Effect of SETD6 overexpression on (A) p65 mRNA and on (B) IκBα mRNA (18 h post SETD6 overexpression) measured by RT-PCR. Samples were measured in triplicates and experiments were repeated 3 times. p ≤ 0.05 were considered to be statistically significant (*). EV: (empty vector) pCAG; pSD6: pCAG-Flag SETD6. (C) Immunoblots to show the effect of wild type (wt) SETD6 overexpression on p65 using whole cell and nuclear extracts. EV (empty vector): pCAG; pSD6: pCAG-Flag SETD6. Other members of the NF-κB family were tested using whole cell extracts. (D) Effect of mutant (mut) SETD6 overexpression on p65 and other members of the NF-κB family as in panel C. EV (empty vector): pCAG; pmSD6: pCAG-Flag mutant SETD6 (Y285A). Effect of SETD6 knockdown on p65 in (E) UMUC3 and (F) RT4. p ≤ 0.05 were considered to be statistically significant (*). Experiments were repeated twice. NTC: non-targeting control siRNA; si-SD6: SETD6 siRNA.

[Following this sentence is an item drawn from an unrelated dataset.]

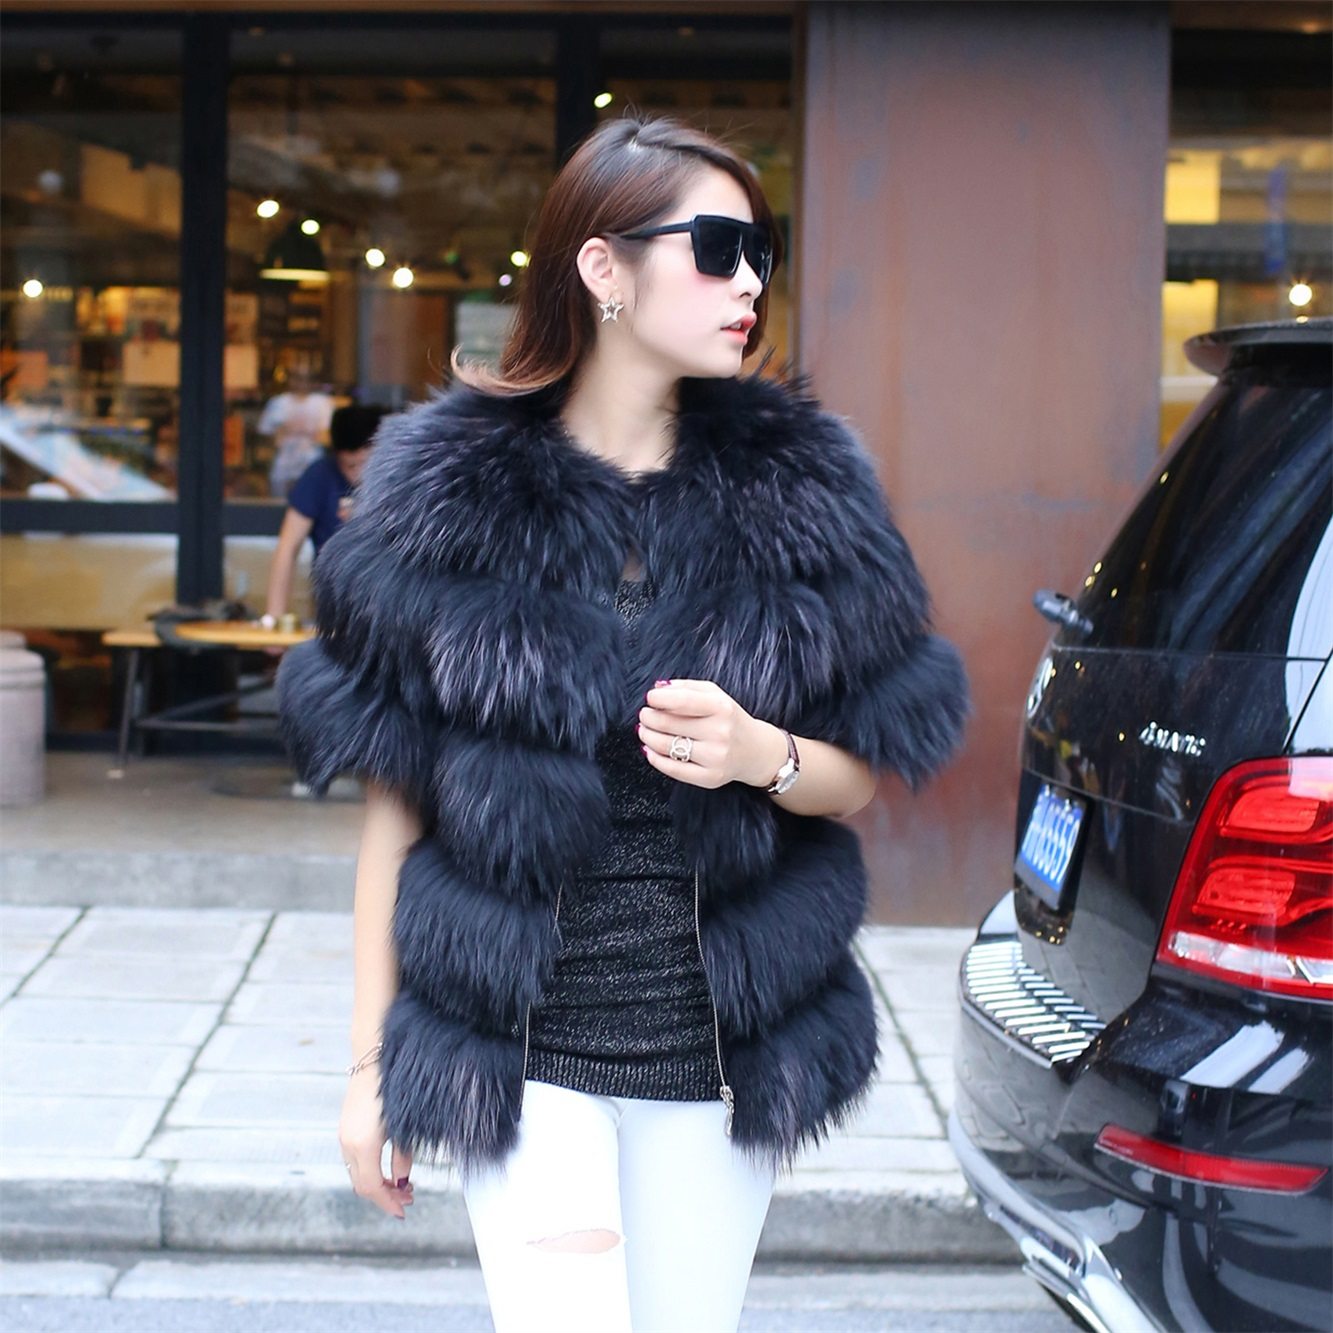 Now Special Offer Standard Triple Breasted Fur Half Coat Fox Raccoon Fur Vest Jacket New Korea European Control Station
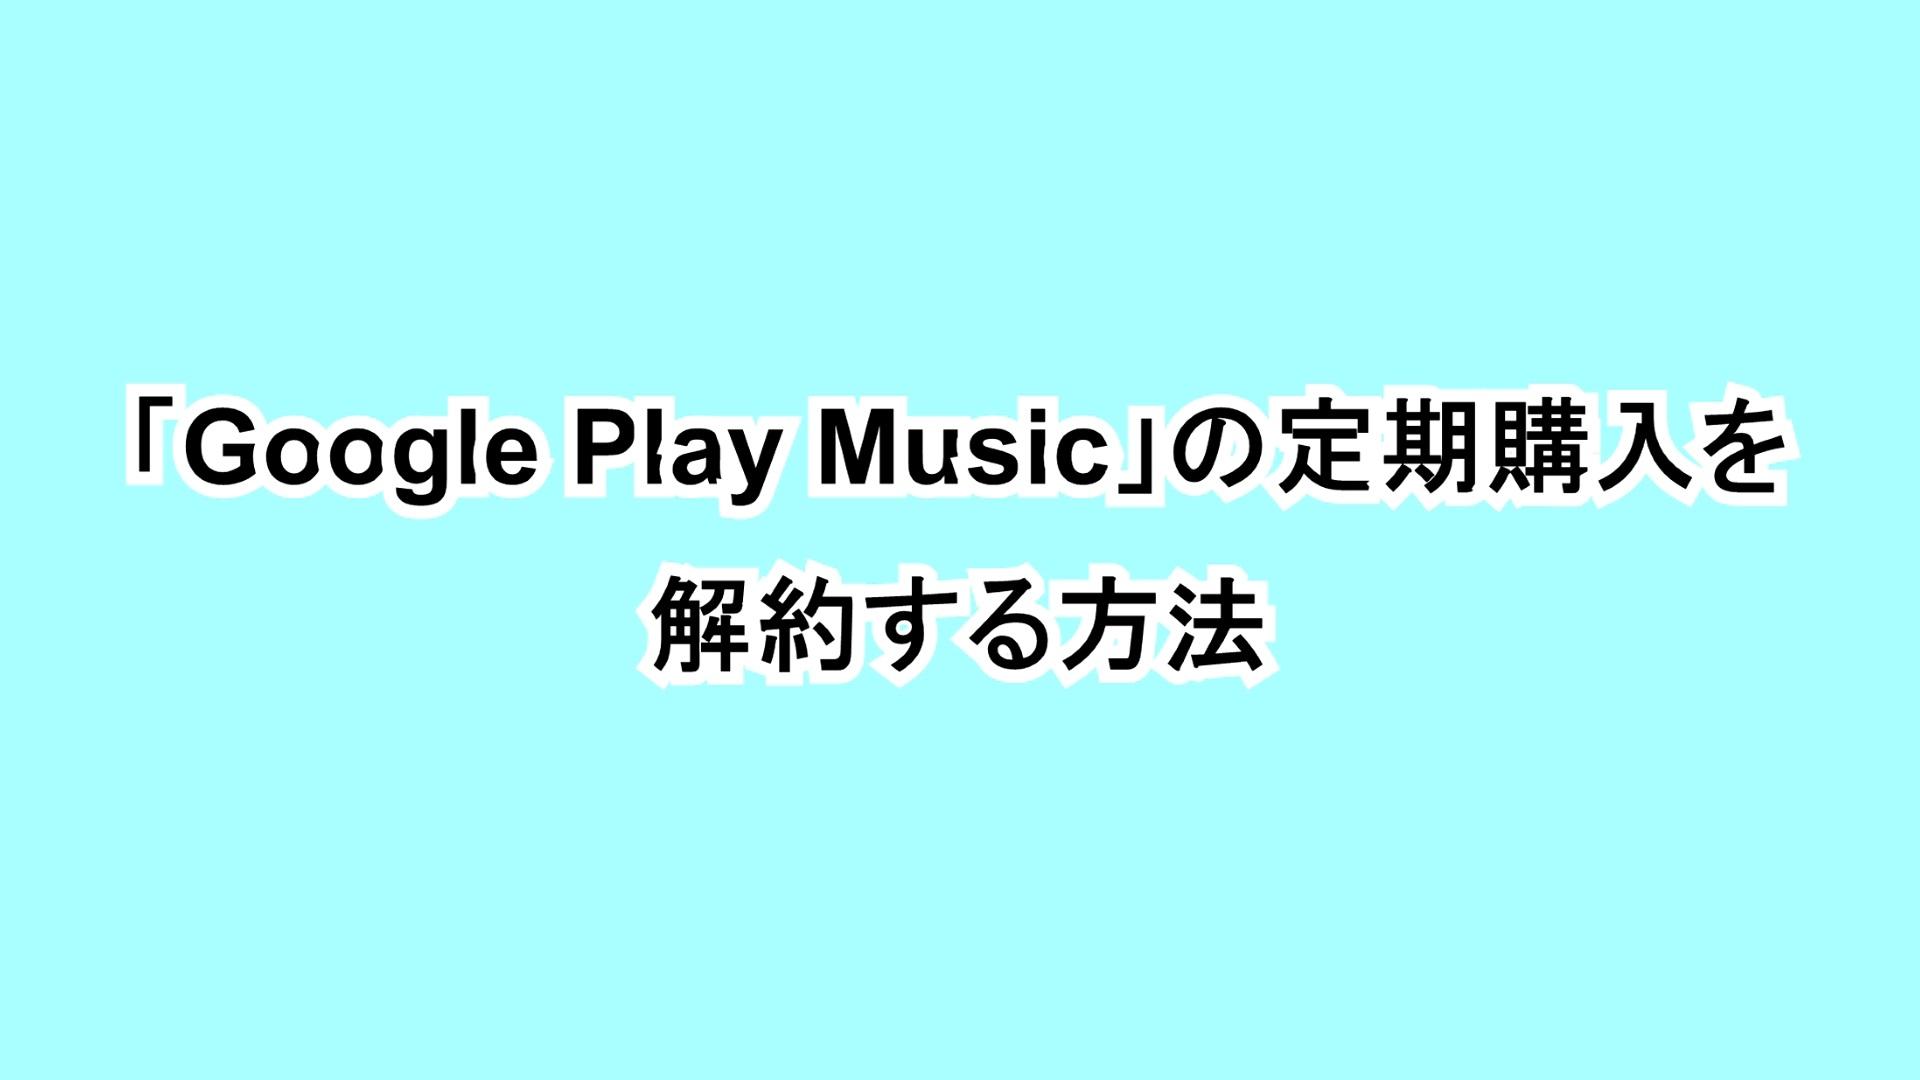 「Google Play Music」の定期購入を解約する方法

Figure 4. SETD6 mediated p65 level increases cell survival

(A) Consequence of wild type (wt) SETD6 and mutant (mut) IκB overexpression on survival of SVHUC1 cells determined by trypan blue assay. The samples were measured in duplicates and experiments were repeated twice. p ≤ 0.05 was considered to be statistically significant (*). Lane 1 EV (empty vector): pCAG+ pcDNA; Lane 2 EV (empty vector): pCAG; pSD6: pCAG-Flag SETD6; mIκBα: pcDNA-mutant IκBα (S32/36A). Effect of wt SETD6 overexpression on (B) nuclear level of p65 determined by western blotting and the effect on (C) transcription reporter activity of NF-κB measured by luciferase activity. The samples were measured in triplicates and experiments were repeated twice. p ≤ 0.05 was considered to be statistically significant (*). (D) Effect of mut SETD6 overexpression on transcriptional activity of NF-κB measured by luciferase activity. Samples were measured in triplicates and experiments were repeated twice. p ≤ 0.05 was considered to be statistically significant (*). (E) Effect of SETD6 overexpression on NF-κB target gene expression (24 h post SETD6 overexpression) was measured by RT-PCR. The samples were measured in triplicates and experiments were repeated twice. p ≤ 0.05 was considered to be statistically significant (*). EV (empty vector): pCAG; pSD6: pCAG-Flag SETD6. (F) Model of the role of SETD6 in bladder cancer: SETD6 induces NF-κB signaling by increasing p65 level and its nuclear translocation resulting in increased survival of transformed bladder cells.